The result was transformative. The ossicles allowed hearing of refined sensitivity and at much higher pitches than reptiles could manage. Even birds — which still hear with the reptilian system, and its single stapes bone — cannot hear pitches higher than about 10 kilohertz (kHz), for all their trills and tweets and coos. Yet small children can hear up to 20 kHz, and this is positively cloth-eared compared with dogs (45 kHz), cats (85 kHz) and dolphins (160 kHz).

It was as if the first true mammals discovered a door in the high hedge surrounding the dark and dense woods in which they lived and found a wide-open vista the existence of which they had not suspected.

I use the word ‘small children’ above advisedly. As we humans age, we tend to lose our ability to detect the higher pitches (I am now 60). Over the past few years my own sensitivity to higher pitches has declined, such that I am now affectionately known chez Gee as ‘You Deaf Old Bugger’. After months of resistance I was finally persuaded to get my hearing tested, which I did at an audiology branch of a well-known chain of optician. My audiogram showed significant loss of sensitivity to higher-pitched sounds, especially above 2000 Hz (2 kHz). It is these frequencies that define consonants in everyday speech. This hearing loss explains why when Mrs Gee asks me to send reinforcements as the Russians are going to advance, I think she is asking me send three and fourpence, the Russians are going to a dance. The family has had to endure regular subtitling on TV – either that, or volumes too high for the rest of the family to tolerate.

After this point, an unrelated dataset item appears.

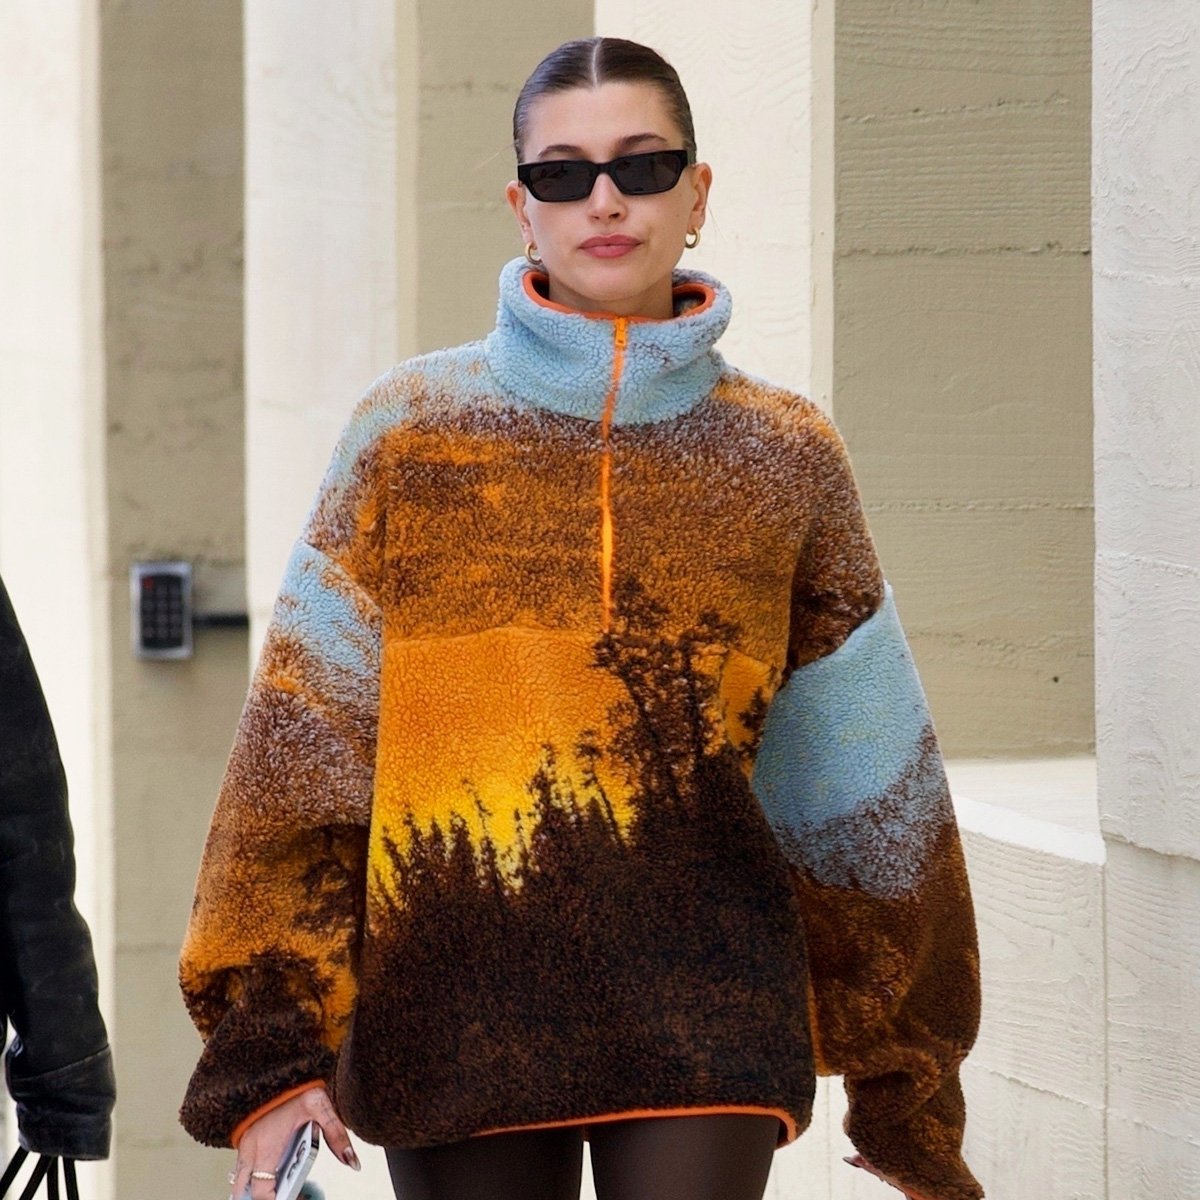 Hailey Bieber Stays Cozy in a Patterned Fleece During a Day Out in NYC:  Photo 4713541, Hailey Bieber Photos

Although I have abused my hearing throughout my life with exposure to loud music, mild to moderate age-related hearing loss is very common. There might also be a genetic element. Close relatives younger than I have hearing aids. So, in the past week I have joined the ranks of the hearing-aided.

What a revelation it has been.

I cannot pretend it is anything like the experience of the first mammals. However, we can turn down the volume on the TV and radio here at chez Gee and subtitles aren’t always a must. My hearing aids are also equipped with bluetooth which is brilliant. I can listen to music or audiobooks as I engage on my daily round — something I was used to doing with earbuds. And there is an app for that (of course) so I can control my hearing aids from my phone.

It was rather disconcerting initially. For the first two days or so the world did seem rather ‘fizzy’ as I could hear ‘noisy’ and high-pitched sounds well for the first time in years. I didn’t realise how much birdsong there is, even in midwinter. But I learn that it takes time for one to learn to live with the experience and after a few days it settles down.

There are downsides – if I want too play music through studio headphones I need to take my hearing aids out. And, as I am one of the few people with sufficient sense left in the world to wear an FFP2 mask in crowded public spaces (one wonders if the NHS would be quite so burdened with flu and COVID cases were mask wearing compulsory in public spaces),  putting on and removing a mask is quite tricky when there are hearing aids in the way. But that’s an argument, perhaps, for another time.